The following background is as published in the Reporting/Market Focus of SGS Newsletter No. 47, where various U.S. economic contractions were detailed by sitting the President at the time of onset:
Hoover; Timing/Duration: Aug 1929 to Mar 1933, 43 months; Peak-to-Trough Contraction: 33%; Nature: Structural/Liquidity. Background: The Great Depression. Collapse of debt excesses from 1920s and liquidity crisis, extreme income variance, overbuilding, stock crash, banking collapse, industrial restructuring as long-term aftershock of Panama Canal construction and World War I end, permanent job losses.
F Roosevelt-I; Timing/Duration: May 1937 to Jun 1938, 13 months; Peak-to-Trough Contraction: 18%; Nature: Structural. Background: Second-dip of Great Depression.
As shown in the GDP and industrial production graphs, the Great Depression was a double-dip downturn, encompassing the more severe 1929 to 1933 contraction and the 1937 to 1938 downturn.
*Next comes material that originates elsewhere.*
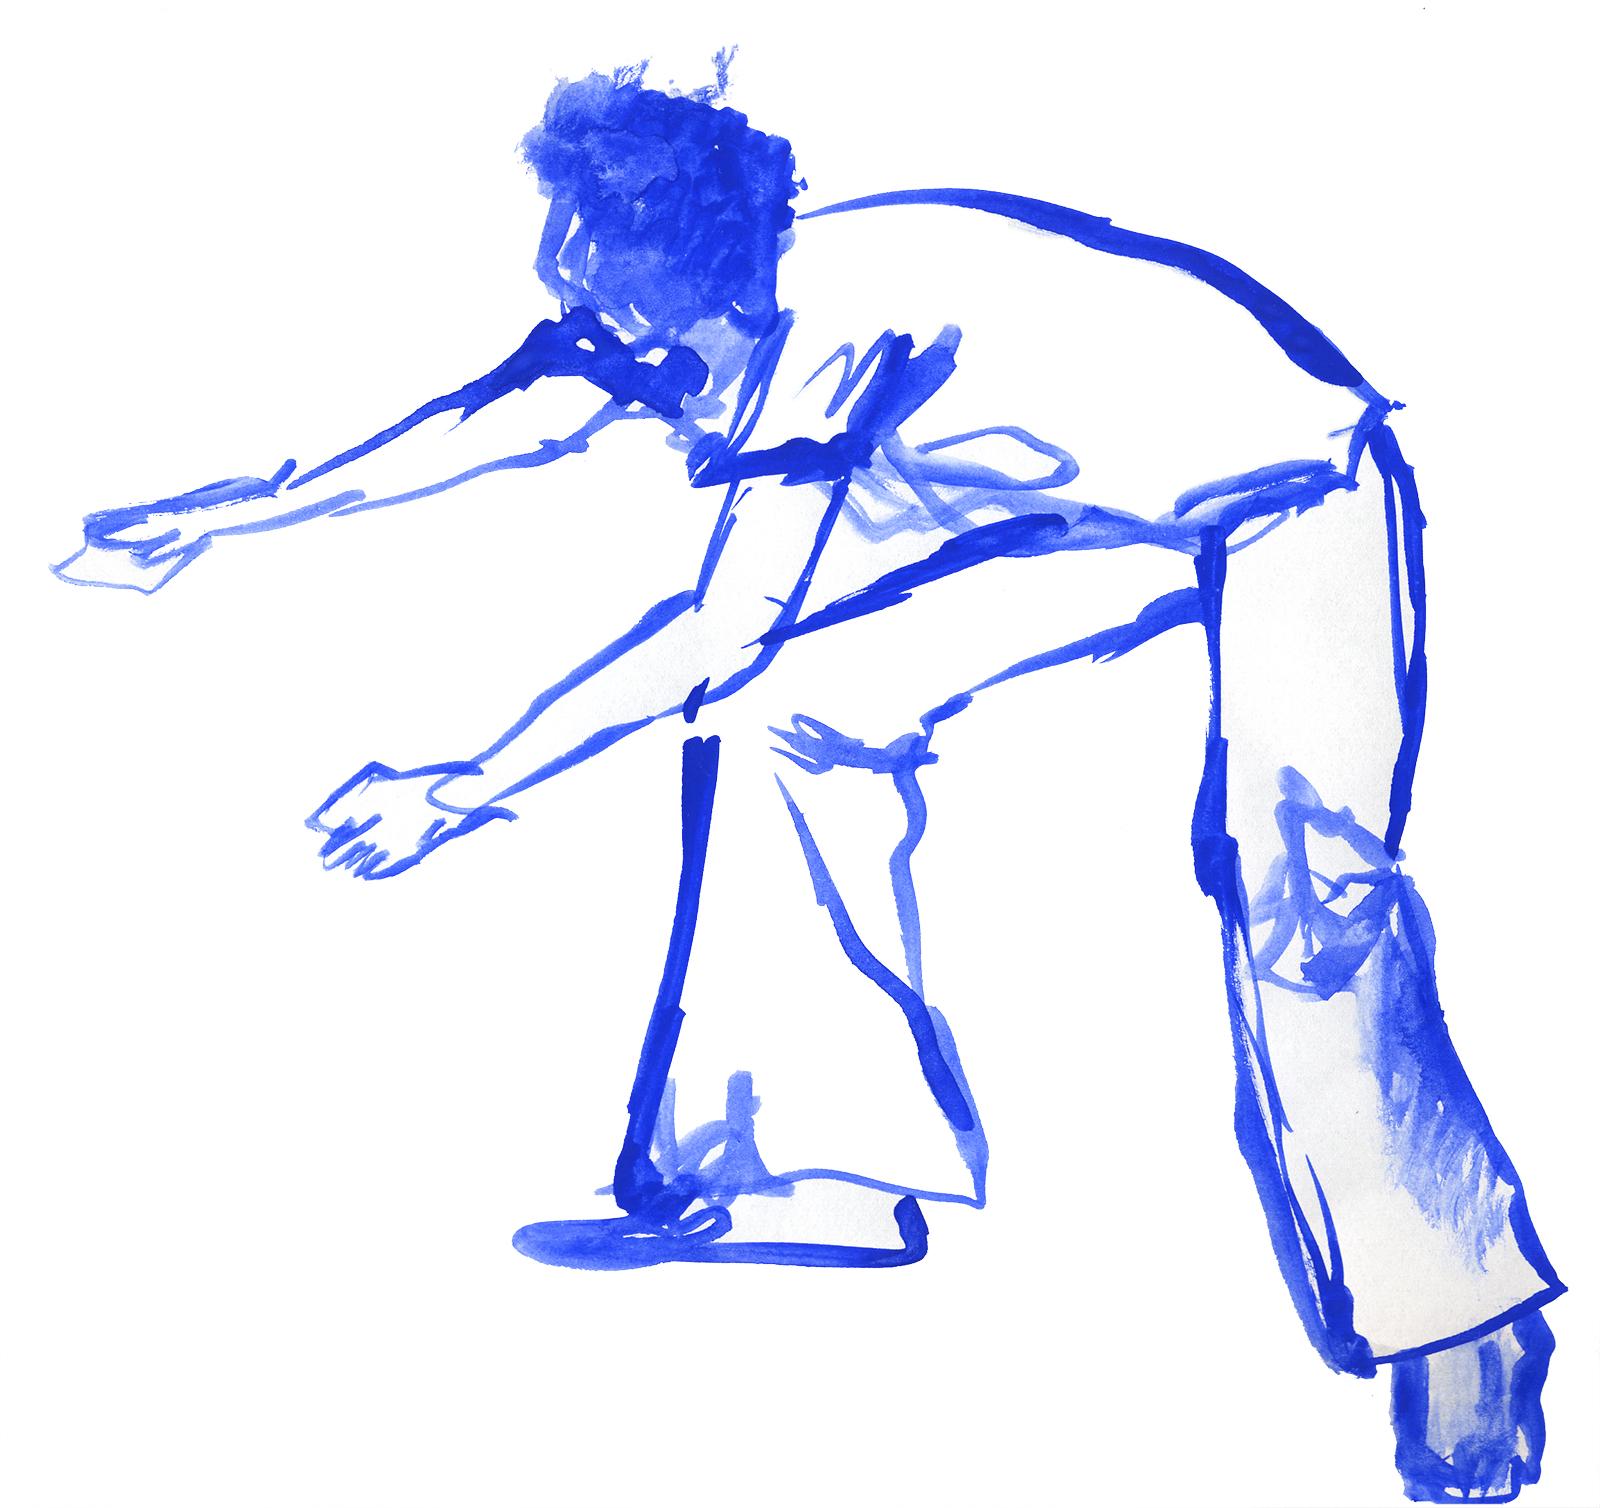 http://bigeyes.co.il/wp-content/uploads/2019/03/Blue-Sketch-2.jpg
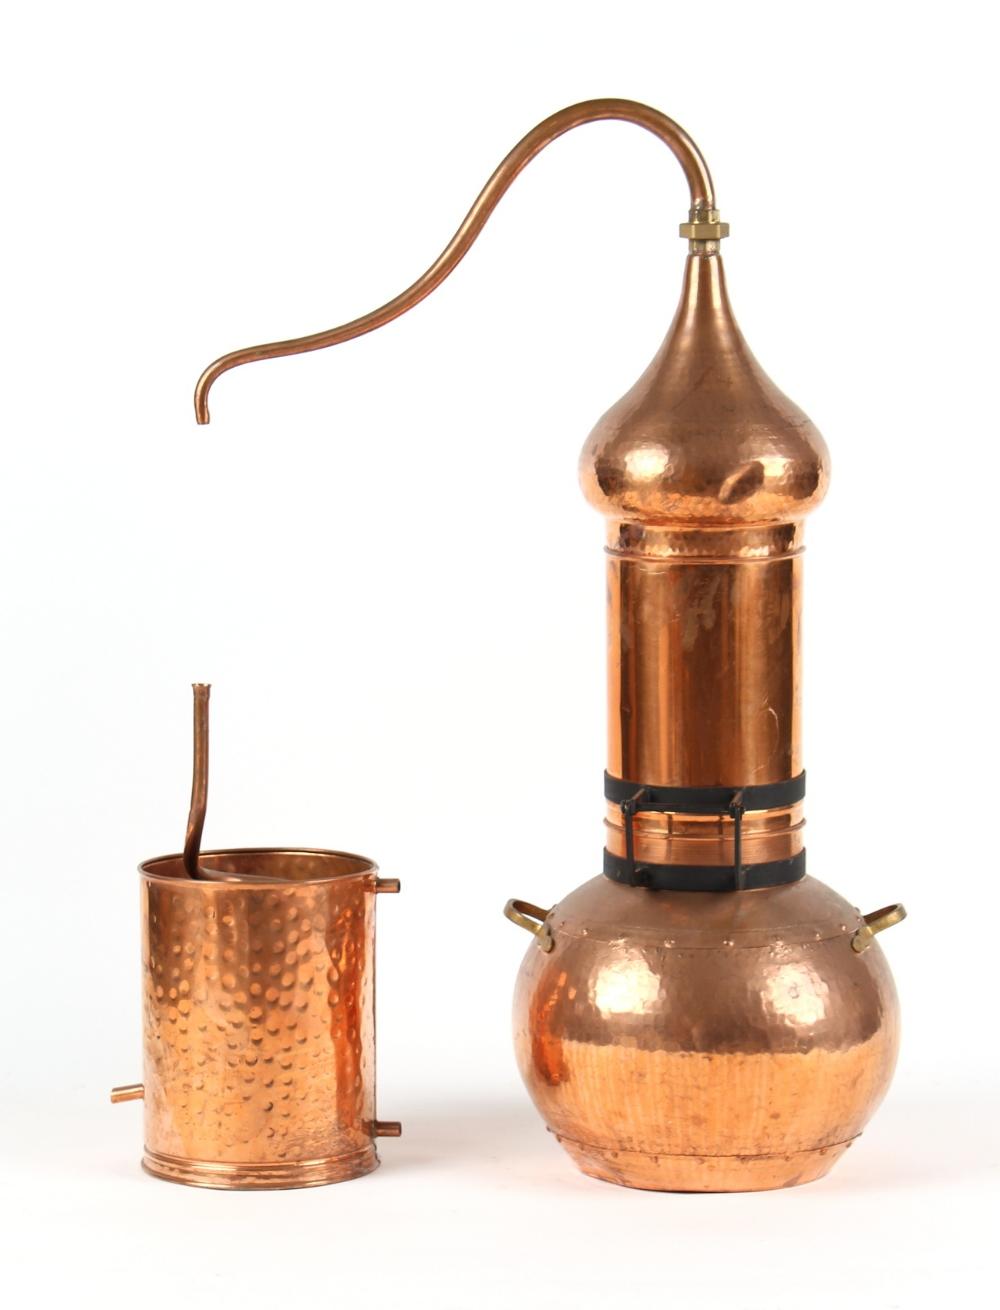 A copper alembic perfume still, 42.5ins. (108cms.) high. Provenance - L'Occitane, Salisbury.

It was the war in Europe and surging defense orders from Britain that eventually ended the depression.
Of particular interest in the current monetary debate is what happened with the money supply. As the banks collapsed into 1933 and deposits were lost, the money supply collapsed along with sharp deflation in consumer prices. It was the fear of a similar banking collapse and loss of deposits (despite limited deposit insurance) that Mr. Bernanke was trying to avoid as the current crisis broke. The depository end of the current system appears to be stable, at the moment.
One reason Roosevelt abandoned the gold standard in 1933 was that it imposed discipline on the money supply. Once gold was abandoned, the government moved to the "debt standard" and spent a great deal of money; the money supply expanded and consumer prices rose anew.